A final decision on how to move forward is not expected until sometime in October. In the meantime, the board asks for the members’ “support and patience during the transition.”
Because of these difficulties, the ICFA Expo, formerly scheduled for the last week in September, has been postponed. “A new conference date will be released within the next 2 to 3 weeks pending final negotiations,” the letter reads.
The letter also formally announces the Primary Member Leadership Council (PMLC), comprised of the form manufacturers in the association, who are working to develop a mission statement for the association and develop ways to serve the different levels of membership.
If additional information becomes available after this issue goes to press, it will be posted on the magazine website,
The economic depression that has crippled the construction industry appears to be easing but likely has not yet begun to turn around.
The report from the National Association for Business Economics (NABE) “provides new evidence that the U.S. recession is abating, but provides few signs of an immediate recovery,” said Sara Johnson, who helped compile the report.
More than half (55%) of respondents indicated the economy still hasn’t bottomed out, with 14% projecting their companies will see their lowest sales in 2010 or beyond.
The current slowdown, which dates to December 2007, is the longest since the Great Depression and the deepest in decades.
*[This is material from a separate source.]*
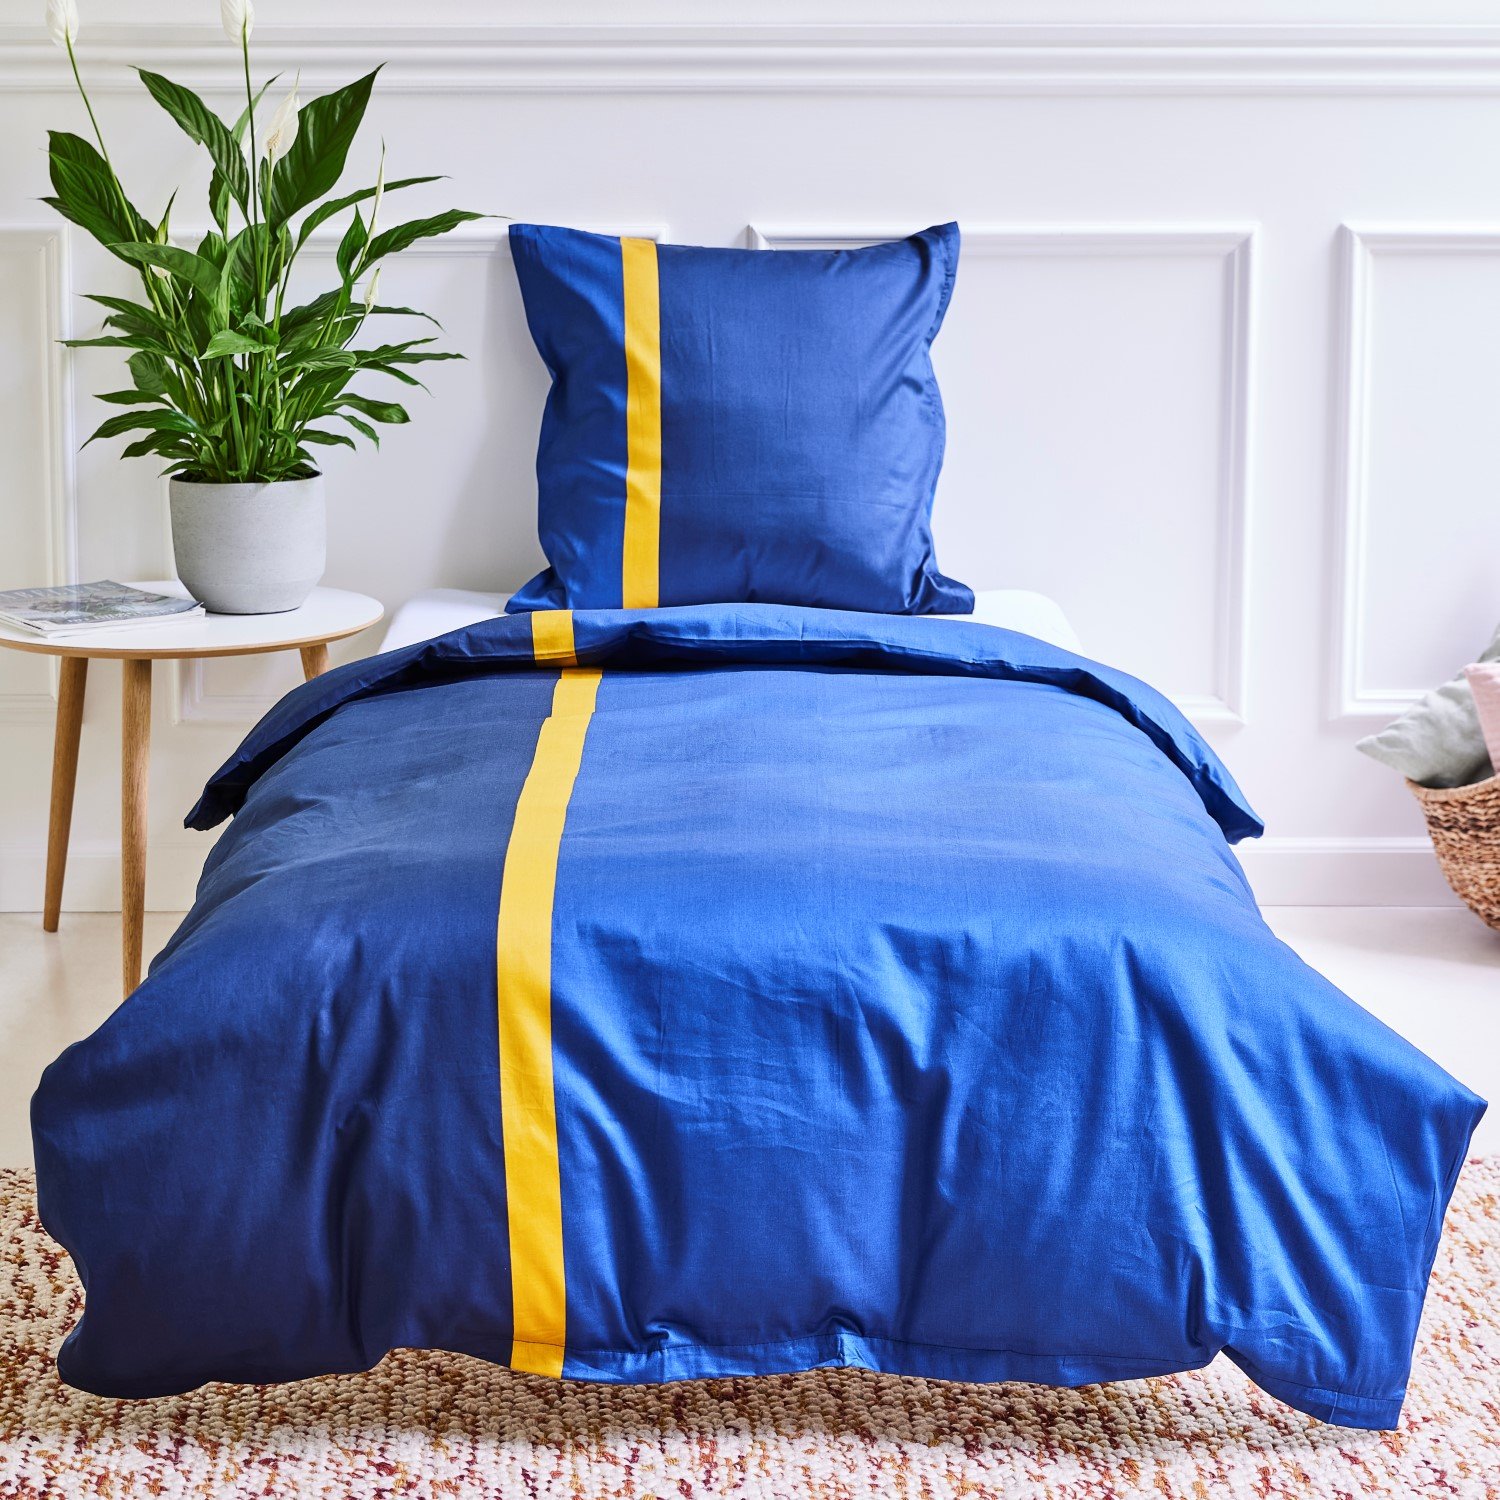 visdom valgfri Adskillelse Fantastisk lækkert sengetøj i 100% bomuldssatin fra bySKAGEN

Most economists look for growth to return in the second half of the year, but they caution that the recovery is likely to be sluggish.
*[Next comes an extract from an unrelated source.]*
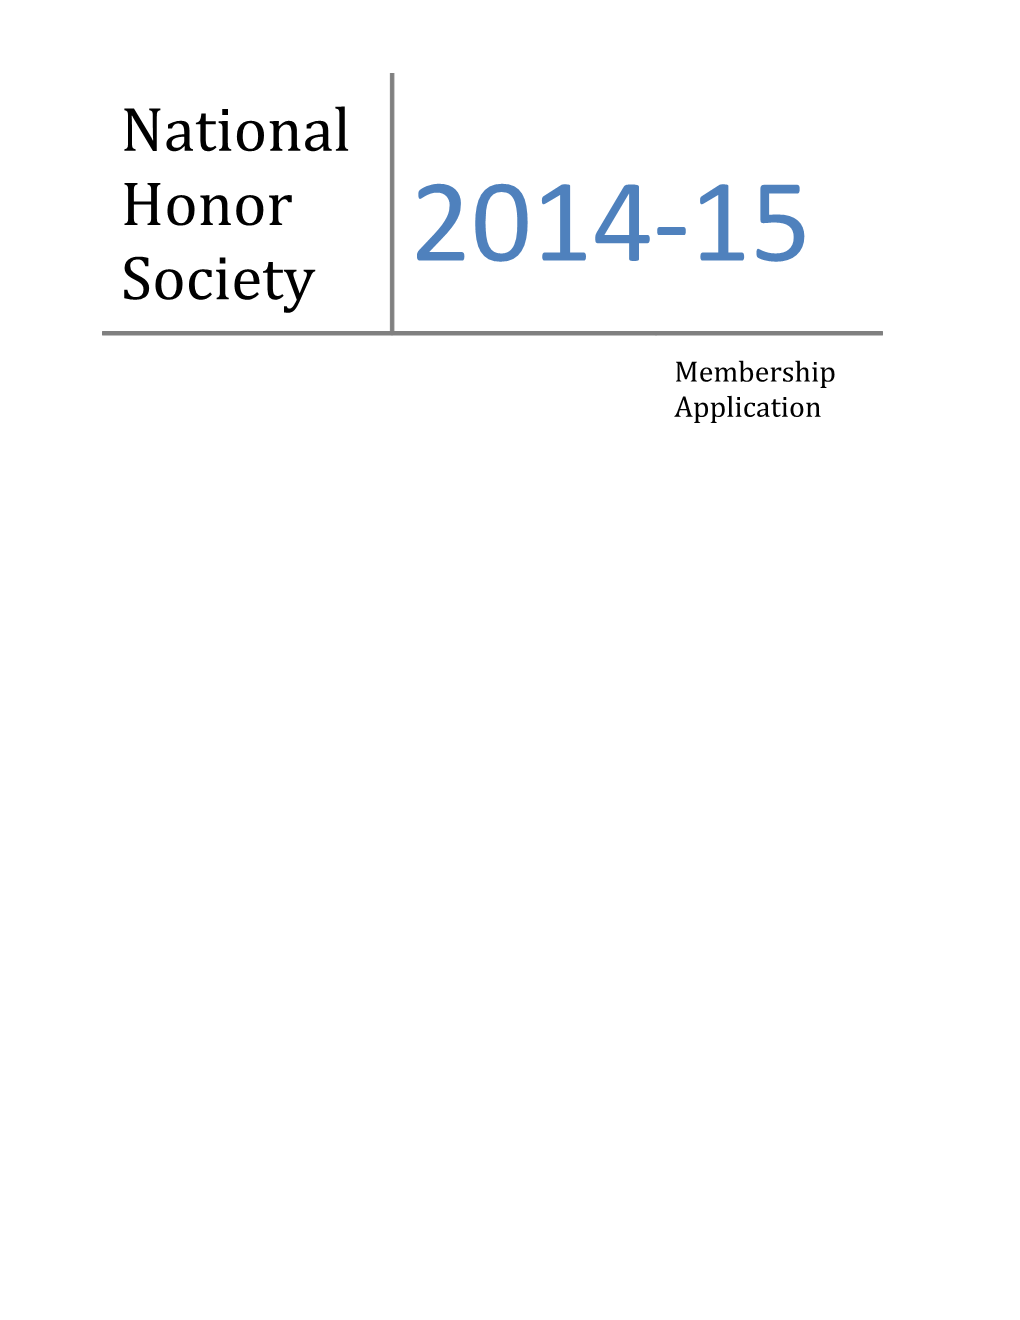 National Honor Society s4

The updated LEED rating system has now completely replaced the previous system.
Leadership in Energy and Environmental Design Version 3 (LEEDv3) was finalized in April; the previous system (Version 2.2) was phased out completely by June. The new LEEDv3 places even more emphasis on energy efficiency and CO2 emissions than the previous system. It also marks the launch of a more reliable and faster LEED Online.
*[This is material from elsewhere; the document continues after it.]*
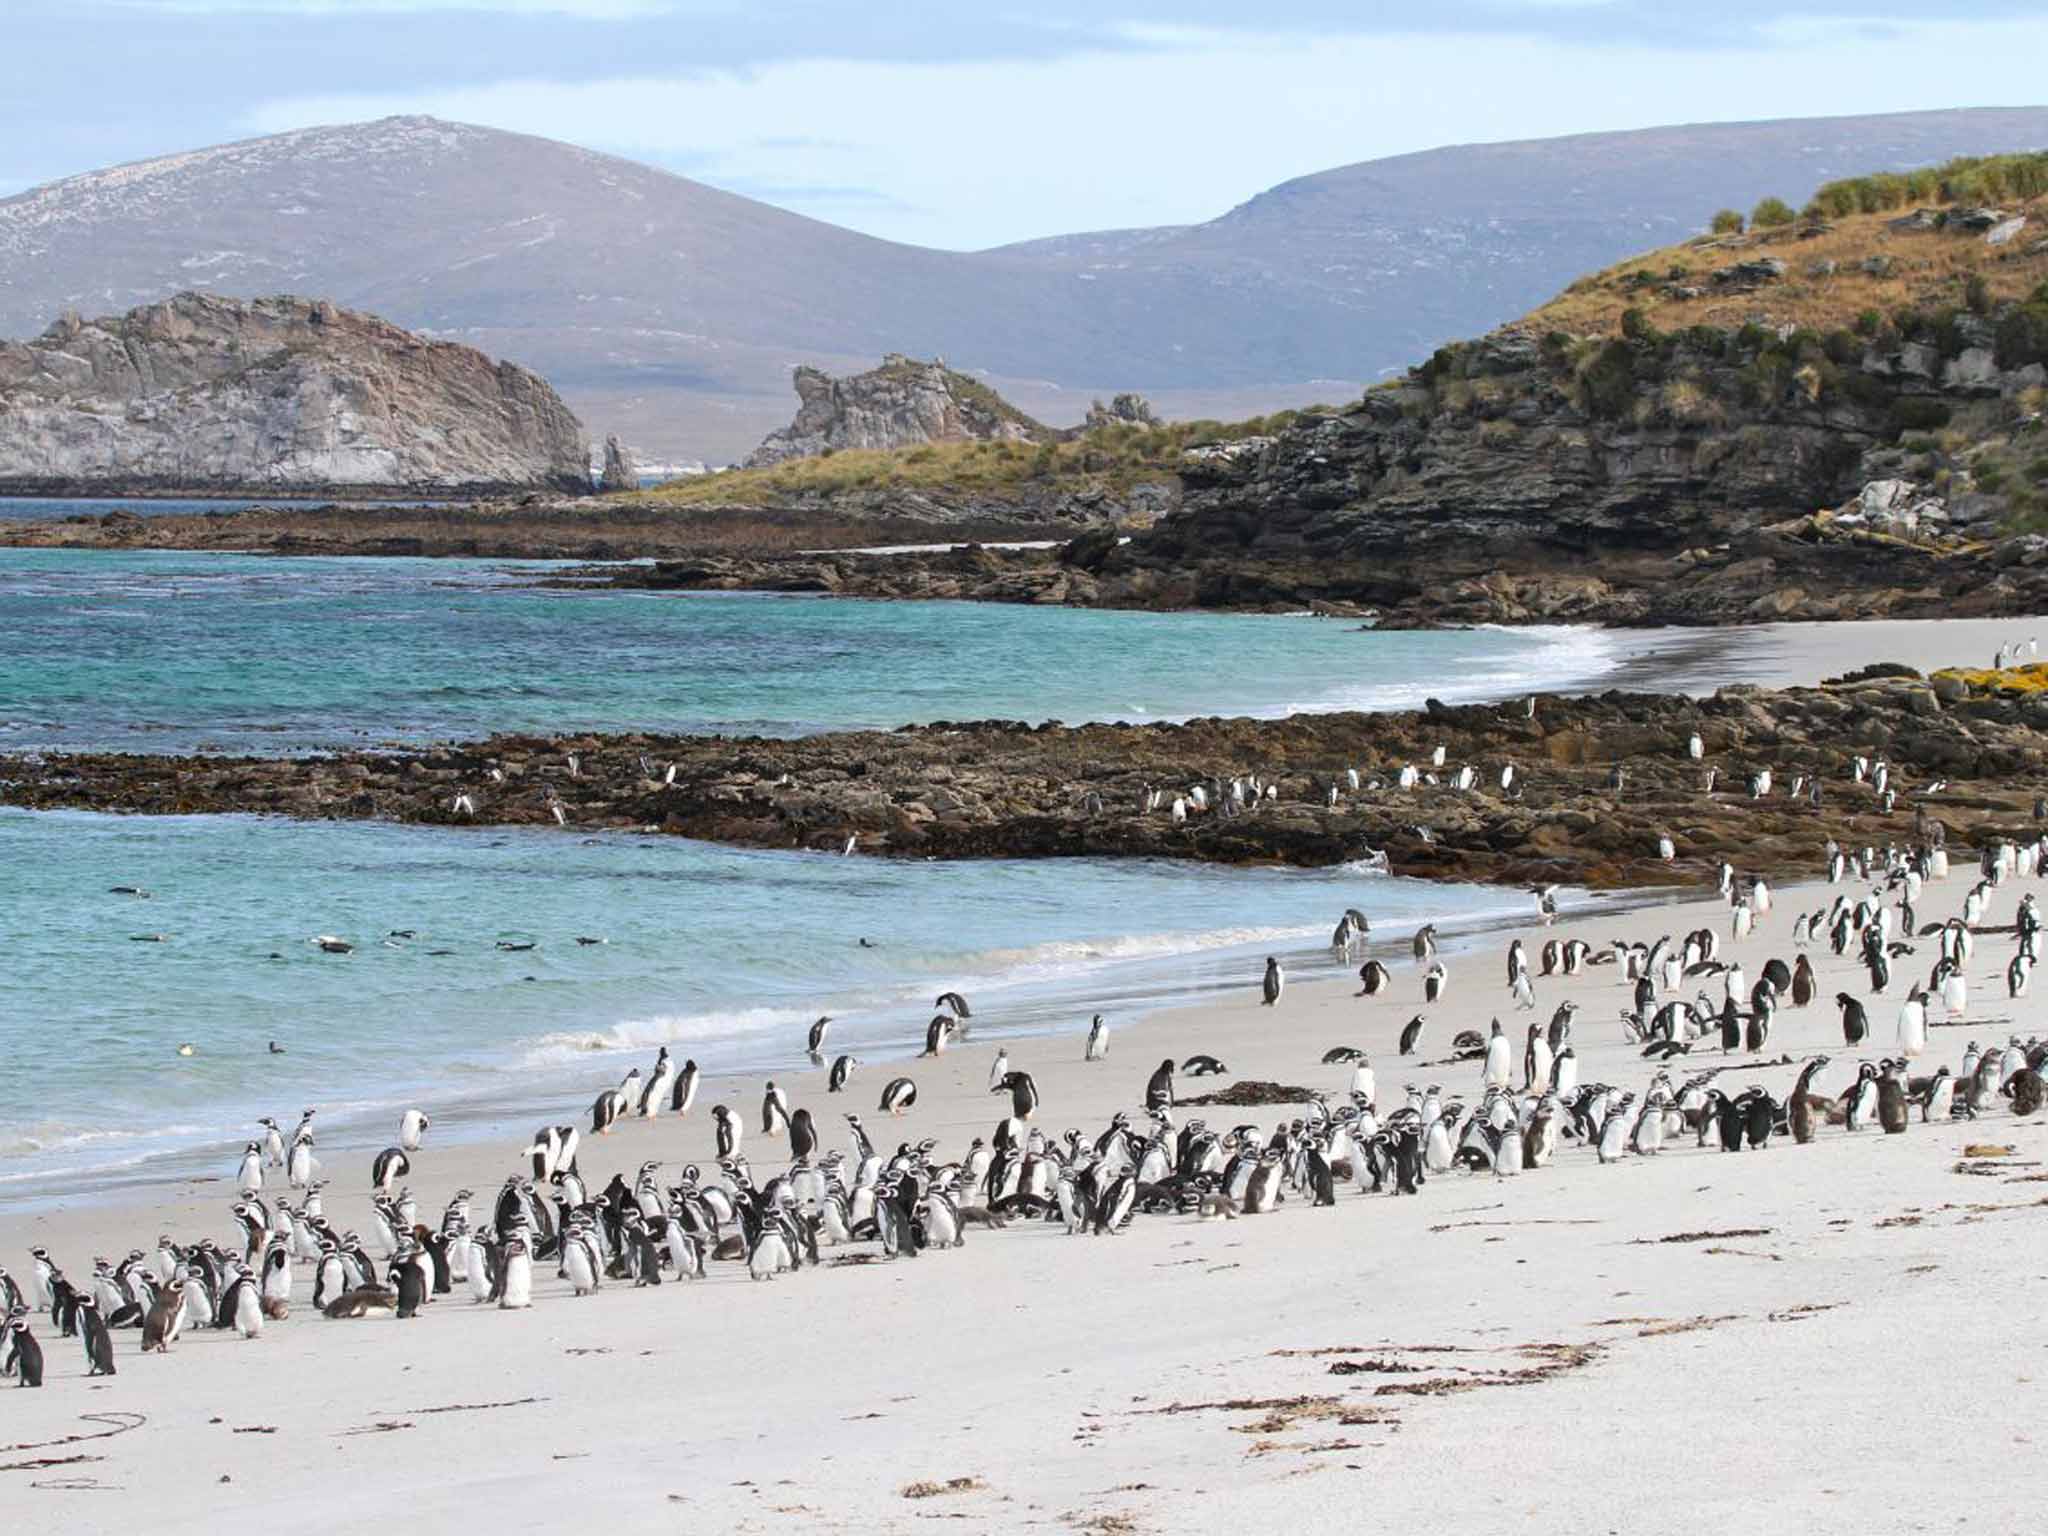 Penguins on Carcass Island

The new LEED Accredited Professional (LEED-AP) materials provide specialized training for specific market segments. Training for LEED AP Homes and LEED AP O & M (Operations and Maintenance) credentialing has also begun.
The U.S. Green Building Council (USGBC) new Washington, D.C. headquarters has been certified LEED Platinum. It is the first building to be certified under the new LEEDv3 guidelines.
The USGBC moved into its new office in March 2009, which is triple the size of its previous space, reflective of the green building industry itself, which is projected to soar to $60 billion by 2010.
“The vision of the space was to exemplify everything a LEED building is: high-performing, resource-efficient, healthy and productive,” said Rick Fedrizzi, President, CEO & Founding Chair, USGBC.
Hobbs Building System has renamed their product line as part of a comprehensive new marketing strategy.
“We’ve rebranded our entire company and launched a new marketing campaign to better promote the benefits of our system,” explains company president Andrew Hobbs.
The insulating forming system, previously named E-Rated Walls, is now called the Hobbs Vertical ICF to differentiate it from the more common stacking block ICFs.
“Our system is designed to make it easier for the removable forms contractor to transition to,” says Hobbs. “We’ve had quite a bit of success getting RCF guys to try our forming system.
In addition to renaming the forming system, the company has a new logo, new website, and new promotional materials. “This effort really helps focus what we’re about,” Hobbs states. “We’re a vertical ICF, with project-specific engineering. We use 40% less concrete, provide more insulation, and install faster. Our new website emphasizes these advantages.”